Assisted-by: minimax-m2.7 (MiniMax)
Signed-off-by: Stefan Weil <sw@weilnetz.de>
diff --git a/src/ccutil/ambigs.cpp b/src/ccutil/ambigs.cpp
index 4fff07b6..cf099338 100644
--- a/src/ccutil/ambigs.cpp
+++ b/src/ccutil/ambigs.cpp
@@ -80,7 +80,7 @@ void UnicharAmbigs::LoadUnicharAmbigs(const UNICHARSET &encoder_set, TFile *ambi
// GCC frame size warning.
const int kBufferSize = 10 + 2 * kMaxAmbigStringSize;
char *buffer = new char[kBufferSize];
- char replacement_string[kMaxAmbigStringSize];
+ std::string replacement_string;
std::array<UNICHAR_ID, kMaxAmbigSize + 1> test_unichar_ids;
int line_num = 0;
int type = NOT_AMBIG;
@@ -125,7 +125,7 @@ void UnicharAmbigs::LoadUnicharAmbigs(const UNICHARSET &encoder_set, TFile *ambi
std::vector<UNICHAR_ID> encoding;
// Silently ignore invalid strings, as before, so it is safe to use a
// universal ambigs file.
- if (unicharset->encode_string(replacement_string, true, &encoding, nullptr, nullptr)) {
+ if (unicharset->encode_string(replacement_string.c_str(), true, &encoding, nullptr, nullptr)) {
for (int i = 0; i < test_ambig_part_size; ++i) {
if (ambigs_for_adaption_[test_unichar_ids[i]] == nullptr) {
ambigs_for_adaption_[test_unichar_ids[i]] = new UnicharIdVector();
@@ -217,7 +217,7 @@ void UnicharAmbigs::LoadUnicharAmbigs(const UNICHARSET &encoder_set, TFile *ambi
bool UnicharAmbigs::ParseAmbiguityLine(int line_num, int version, int debug_level,
const UNICHARSET &unicharset, char *buffer,
int *test_ambig_part_size, UNICHAR_ID *test_unichar_ids,
- int *replacement_ambig_part_size, char *replacement_string,
+ int *replacement_ambig_part_size, std::string &replacement_string,
int *type) {
if (version > 1) {
// Simpler format is just wrong-string correct-string type\n.

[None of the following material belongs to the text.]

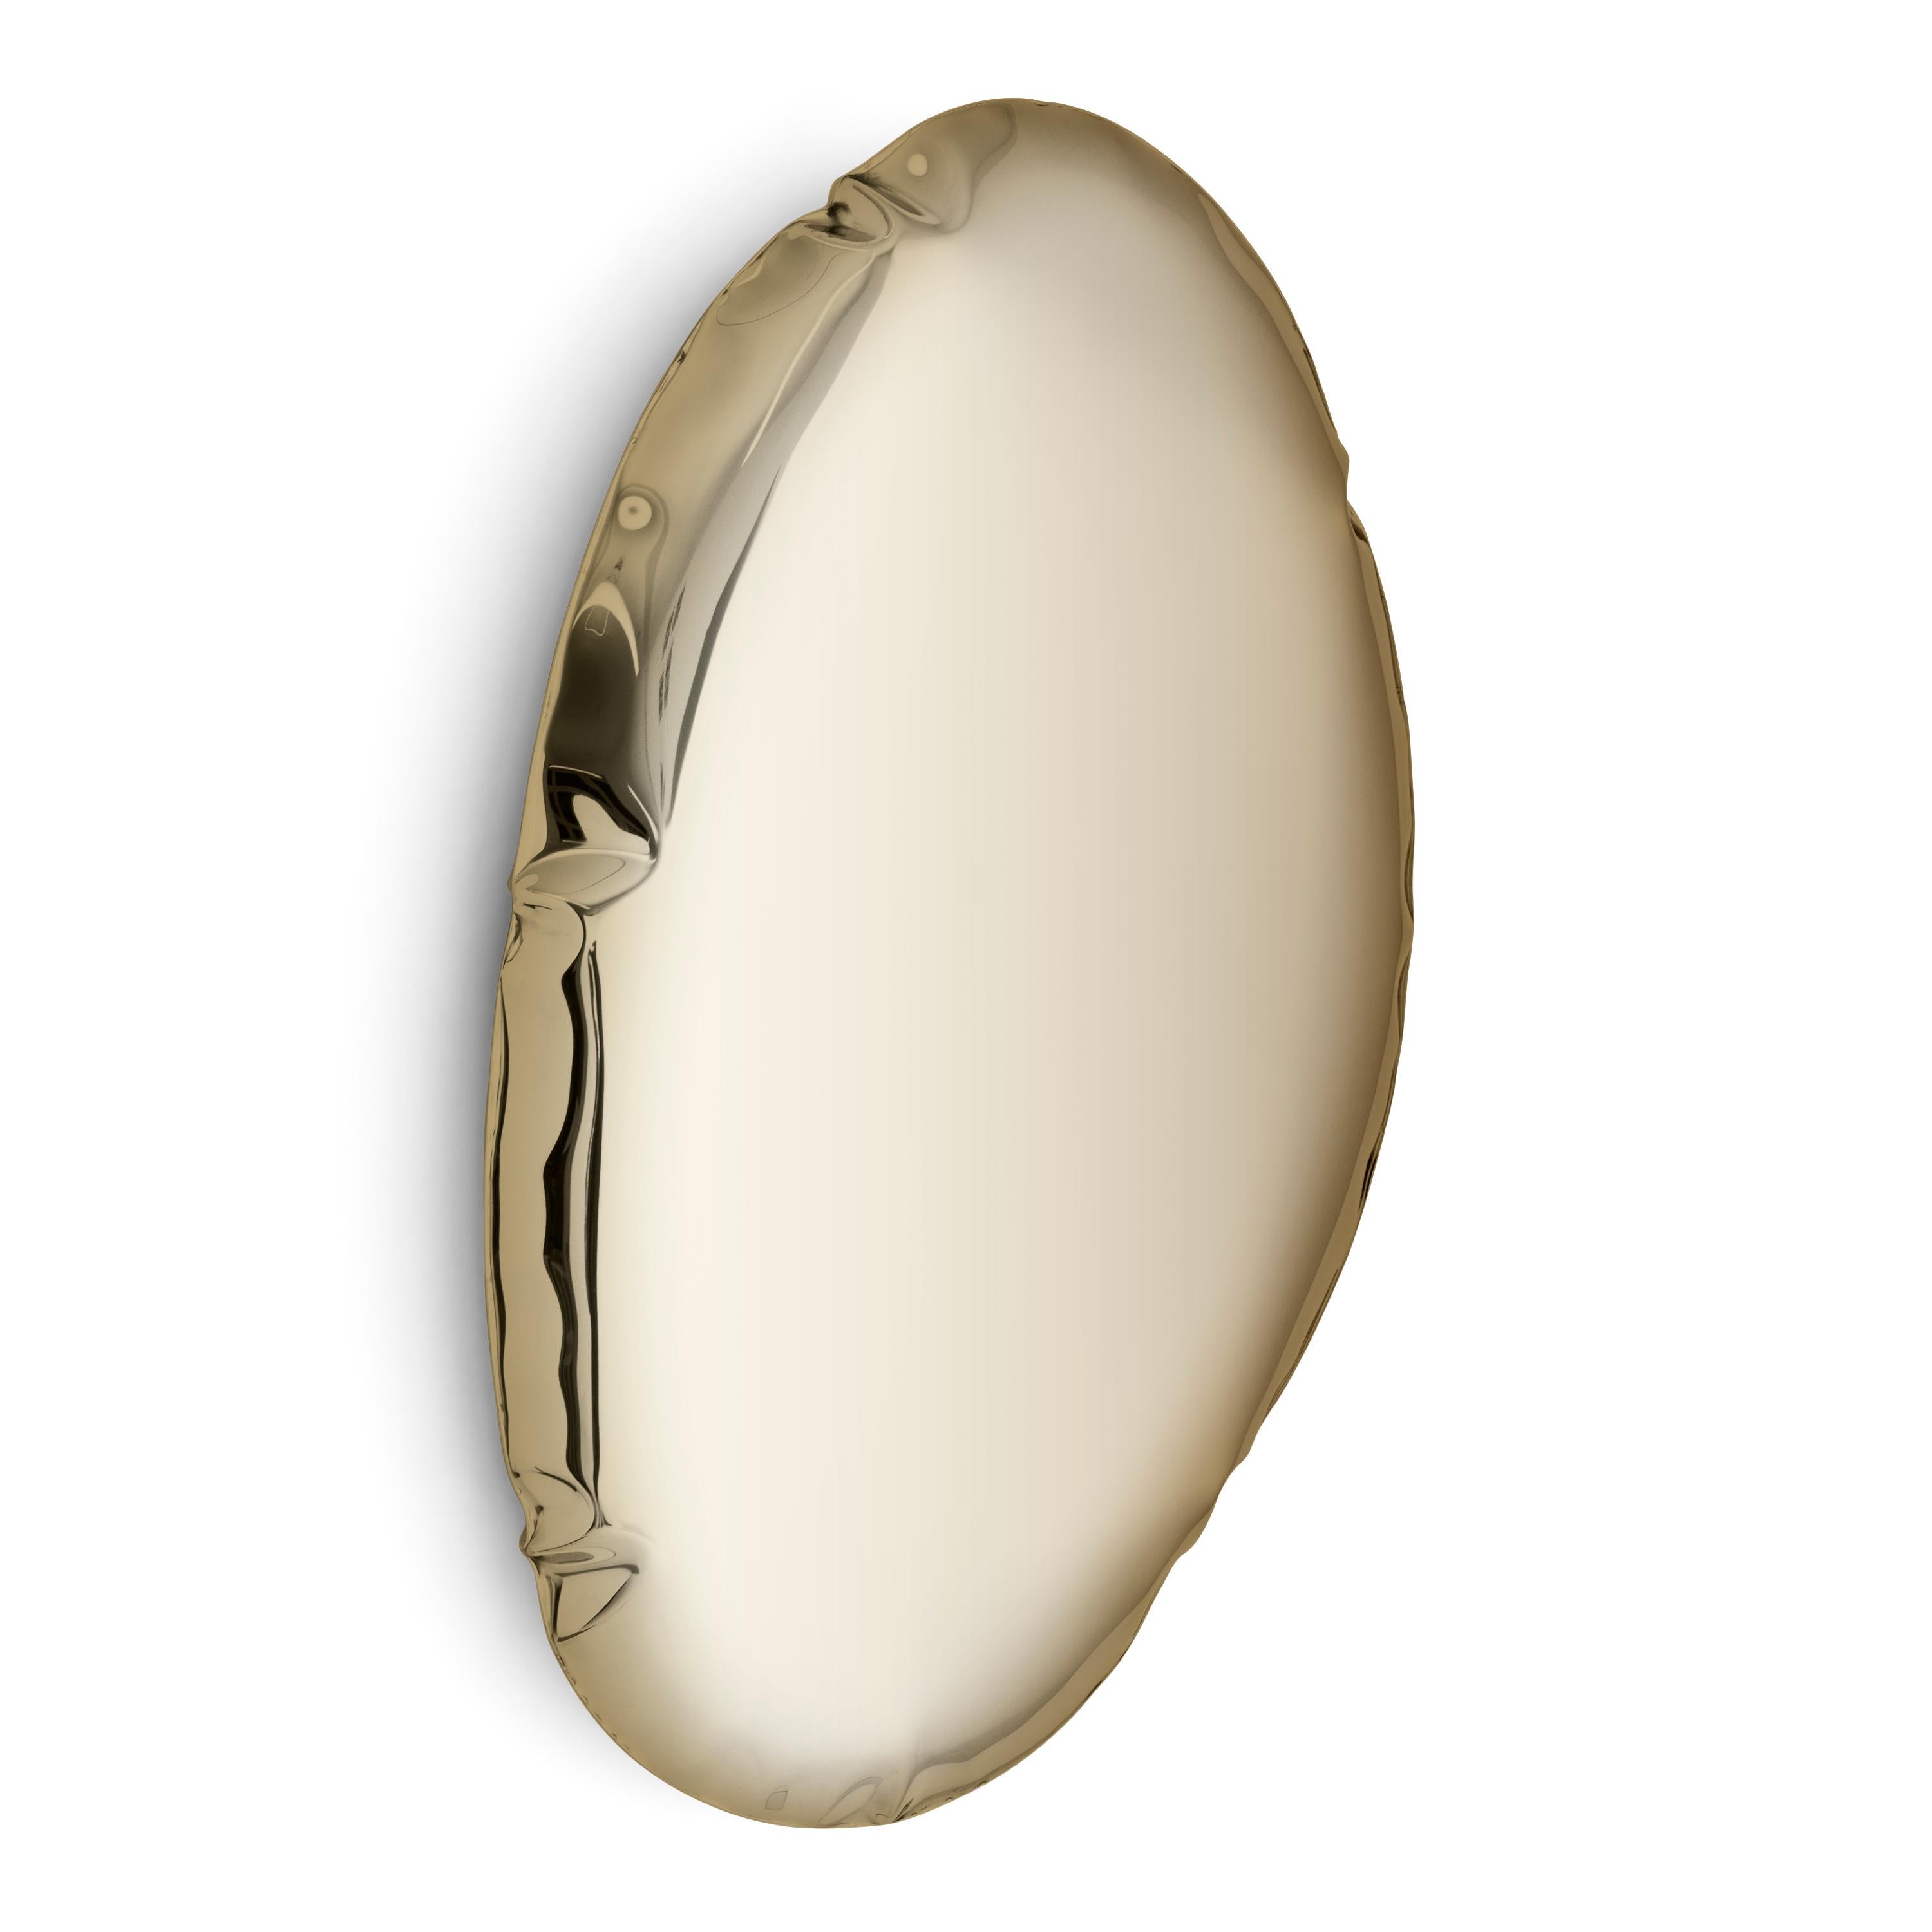 Organic Modern Contemporary Mirror 'Tafla O5', AURUM Collection, Light Gold, by Zieta For Sale
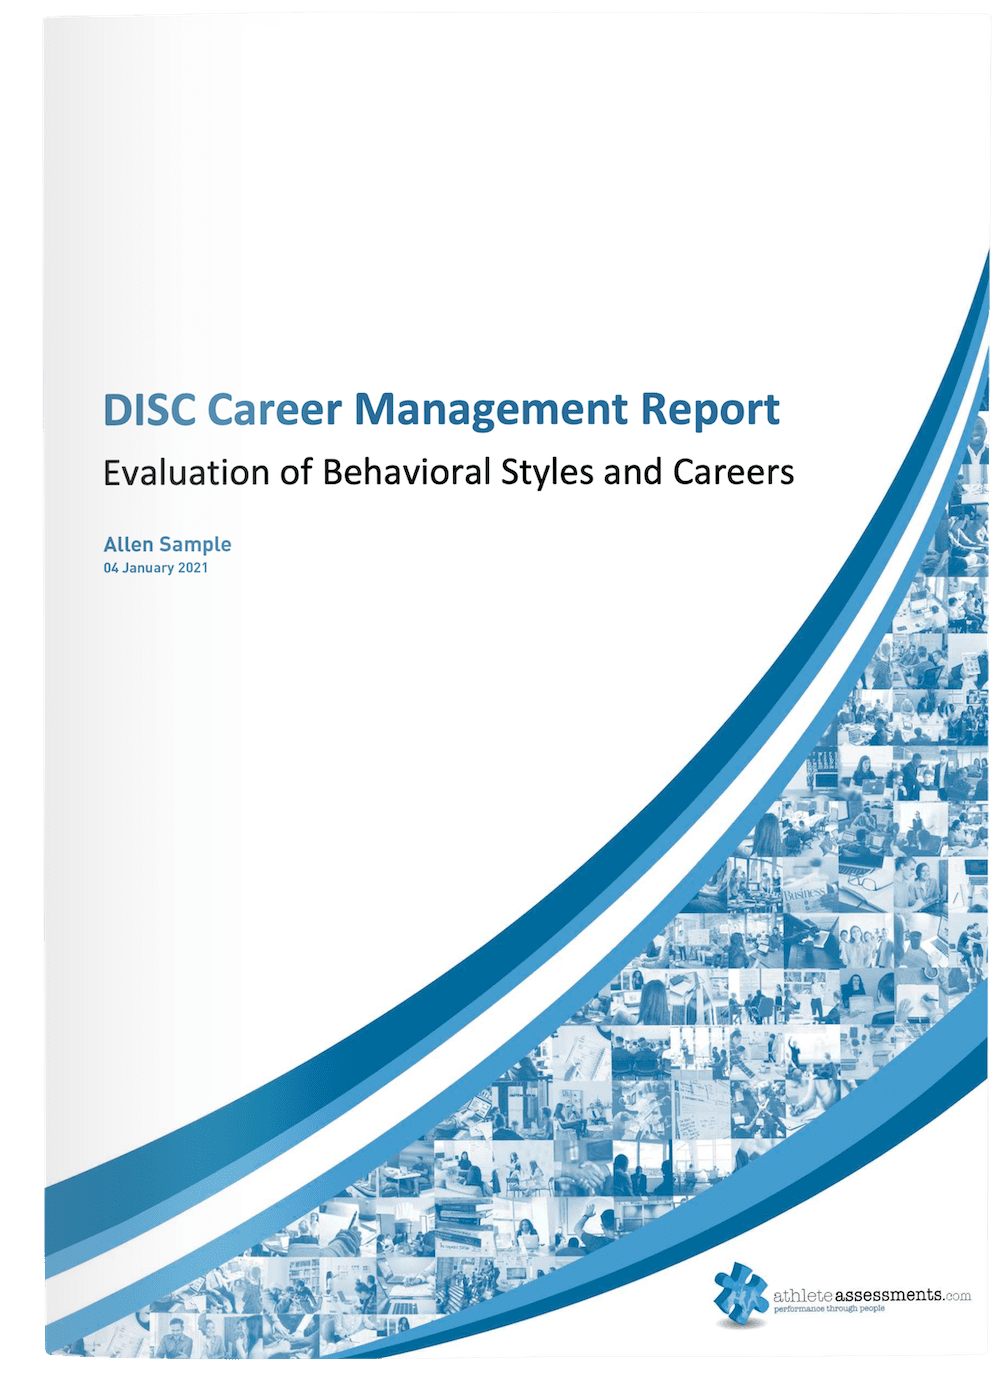 DISC Career Management Report

@@ -263,7 +263,7 @@ bool UnicharAmbigs::ParseAmbiguityLine(int line_num, int version, int debug_leve
}
return false;
}
- snprintf(replacement_string, kMaxAmbigStringSize, "%s", fields[1].c_str());
+ replacement_string = fields[1];
return true;
}
int i;
@@ -310,12 +310,12 @@ bool UnicharAmbigs::ParseAmbiguityLine(int line_num, int version, int debug_leve
}
return false;
}
- replacement_string[0] = '\0';
+ replacement_string.clear();
for (i = 0; i < *replacement_ambig_part_size; ++i) {
if (!(token = strtok_r(nullptr, kAmbigDelimiters, &next_token))) {
break;
}
- strcat(replacement_string, token);
+ replacement_string += token;
if (!unicharset.contains_unichar(token)) {
if (debug_level) {
tprintf(kIllegalUnicharMsg, token);
@@ -352,12 +352,12 @@ bool UnicharAmbigs::ParseAmbiguityLine(int line_num, int version, int debug_leve
bool UnicharAmbigs::InsertIntoTable(UnicharAmbigsVector &table, int test_ambig_part_size,
UNICHAR_ID *test_unichar_ids, int replacement_ambig_part_size,
- const char *replacement_string, int type, AmbigSpec *ambig_spec,
+ const std::string &replacement_string, int type, AmbigSpec *ambig_spec,
UNICHARSET *unicharset) {
ambig_spec->type = static_cast<AmbigType>(type);
if (test_ambig_part_size == 1 && replacement_ambig_part_size == 1 &&
unicharset->to_lower(test_unichar_ids[0]) ==
- unicharset->to_lower(unicharset->unichar_to_id(replacement_string))) {
+ unicharset->to_lower(unicharset->unichar_to_id(replacement_string.c_str()))) {
ambig_spec->type = CASE_AMBIG;
}
@@ -375,8 +375,8 @@ bool UnicharAmbigs::InsertIntoTable(UnicharAmbigsVector &table, int test_ambig_p
// Insert the corresponding correct ngram into the unicharset.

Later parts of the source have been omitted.